Scan the records below for the line with "Logitech G935 Headband" and the line with "La Femme 32239", and retype that range exactly, both ends included, pictures excepted.

Provided entries:
+-------+

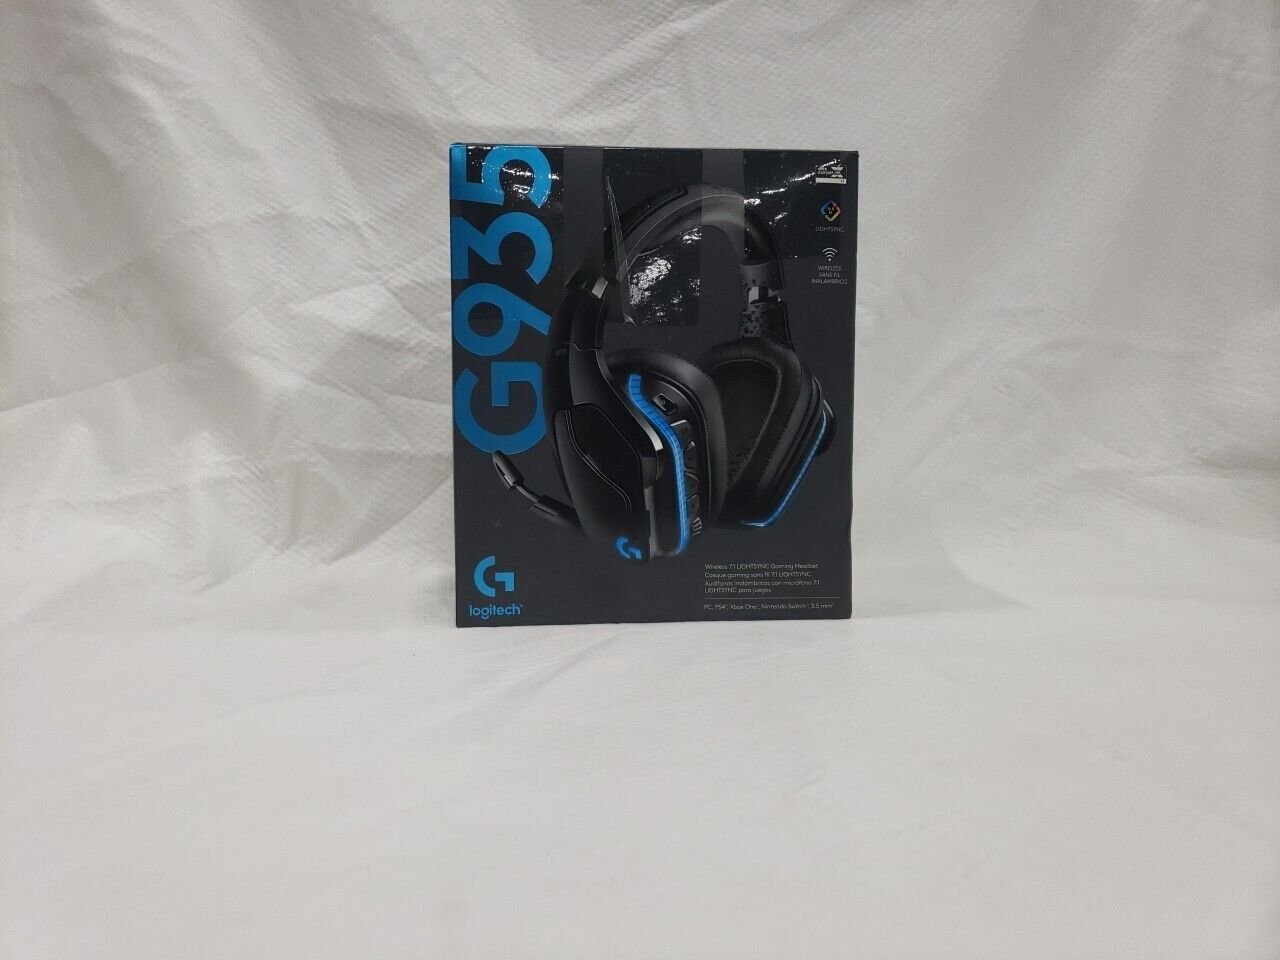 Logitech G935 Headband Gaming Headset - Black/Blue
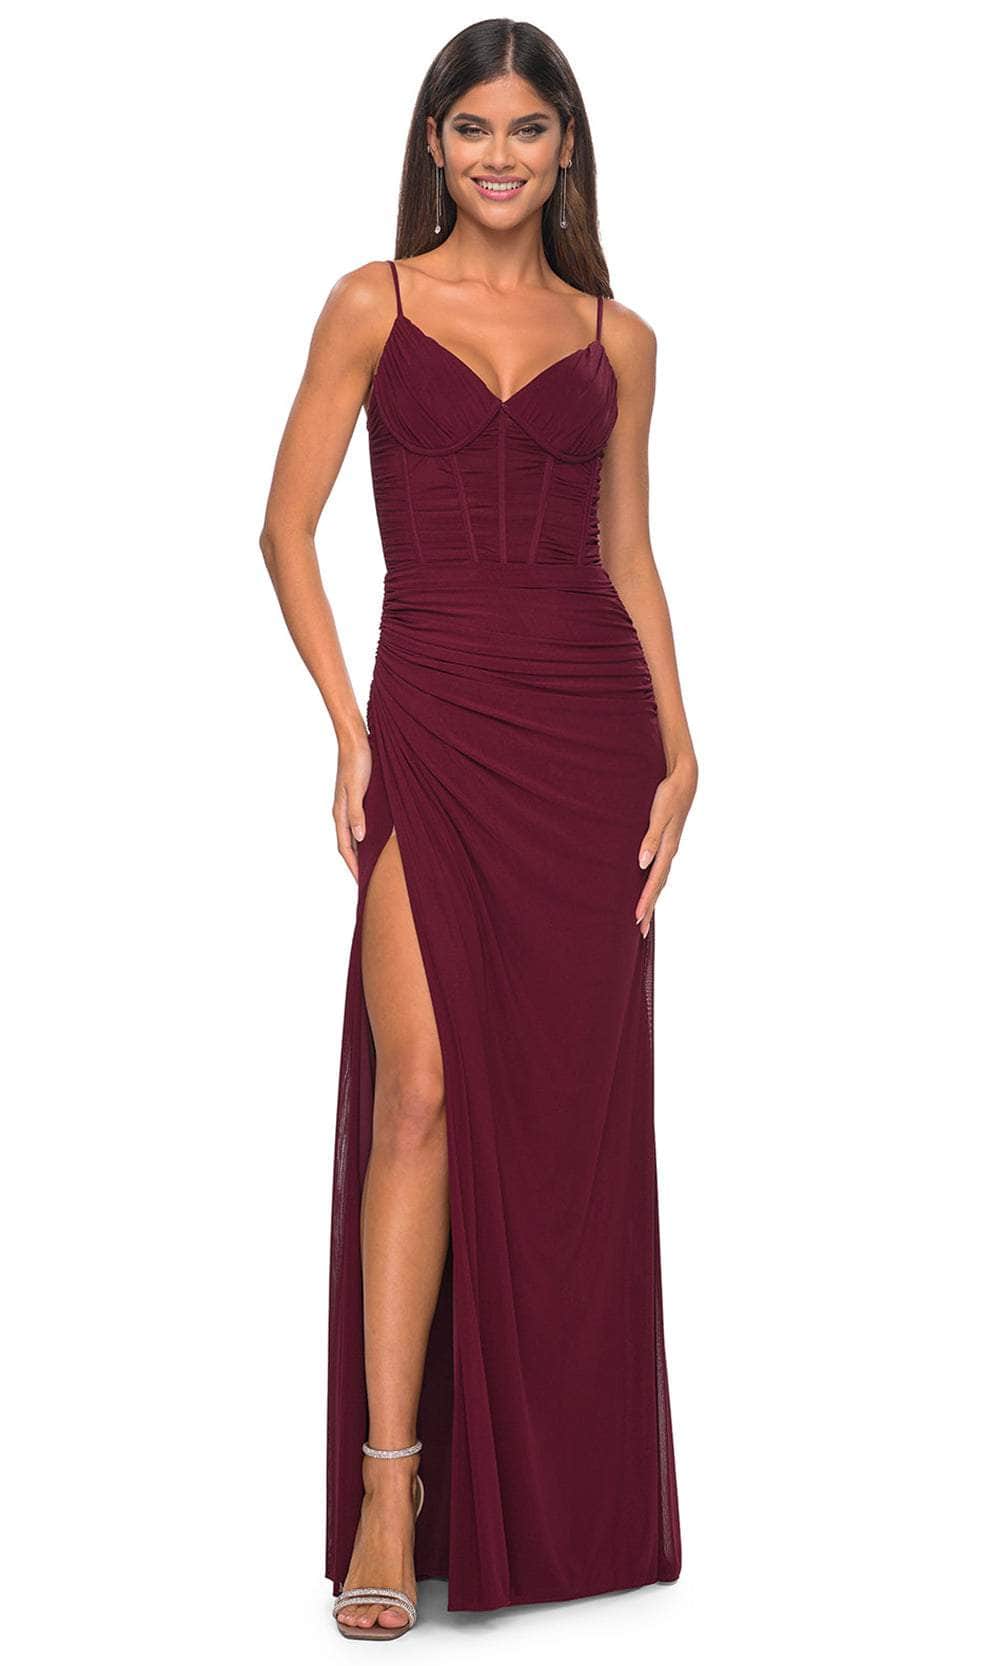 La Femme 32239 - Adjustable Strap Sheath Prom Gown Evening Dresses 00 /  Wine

+-------+

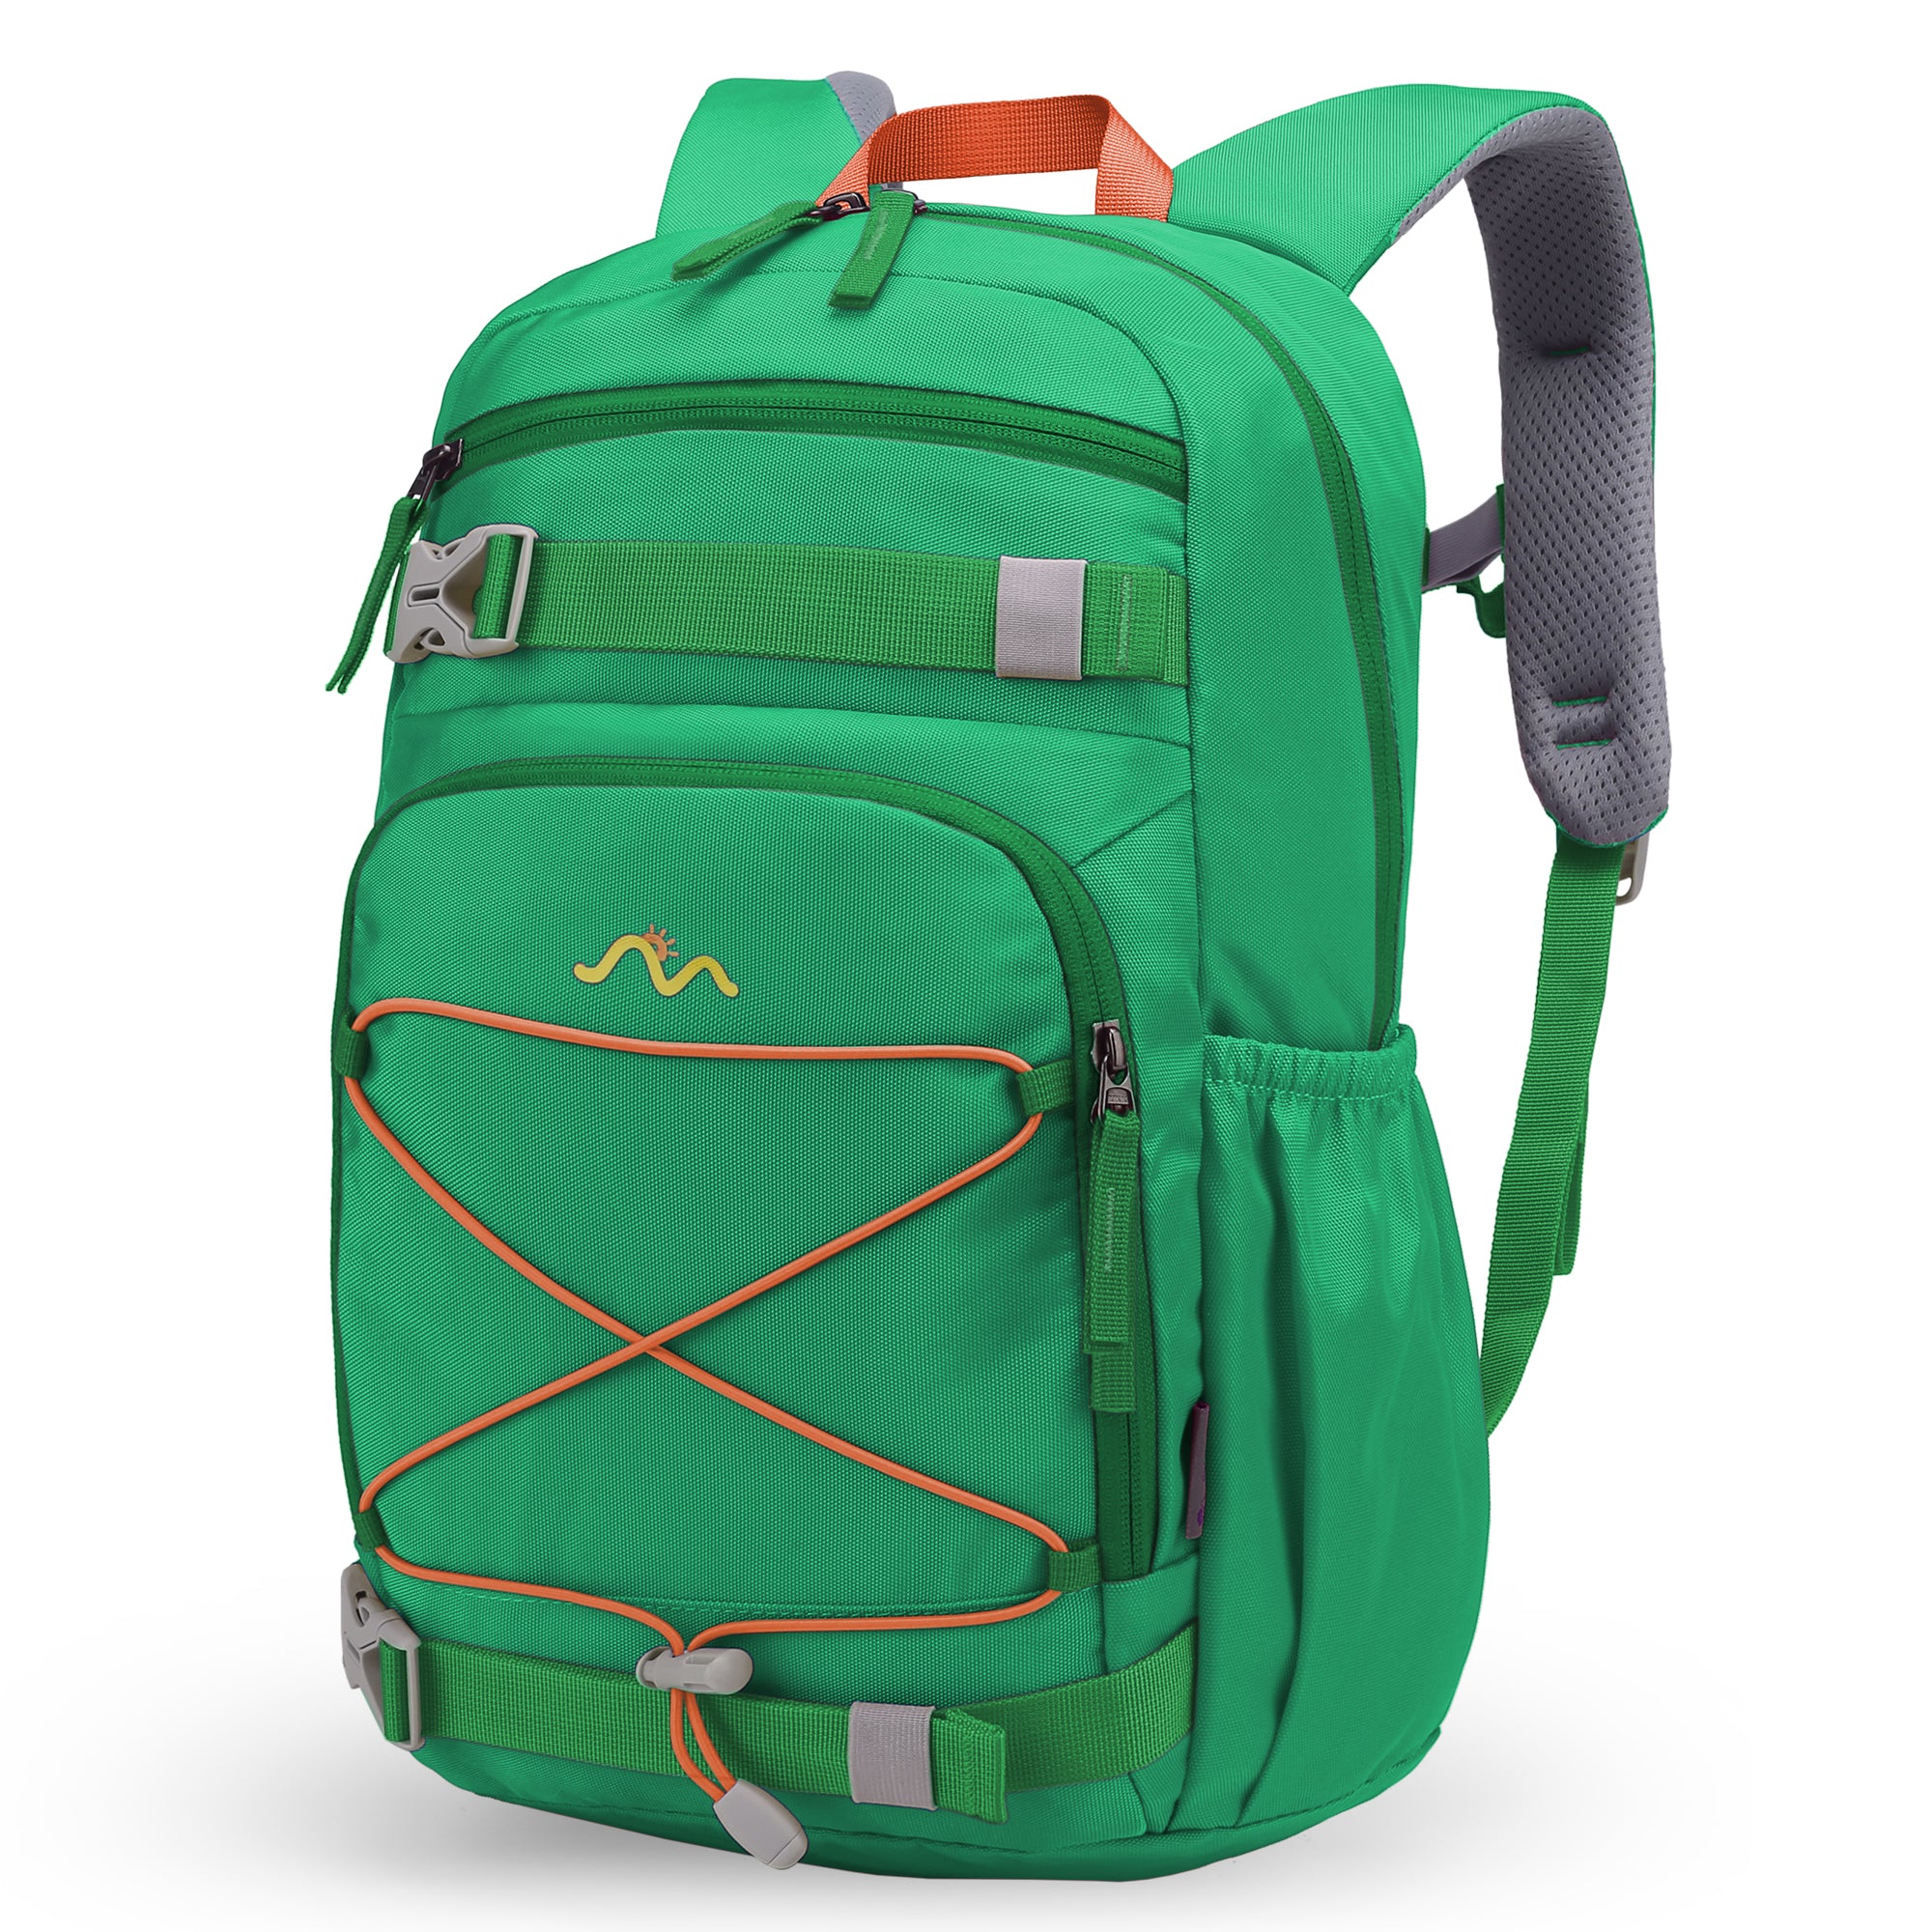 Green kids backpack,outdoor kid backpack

+-------+

Solution:
 Logitech G935 Headband Gaming Headset - Black/Blue
 La Femme 32239 - Adjustable Strap Sheath Prom Gown Evening Dresses 00 /  Wine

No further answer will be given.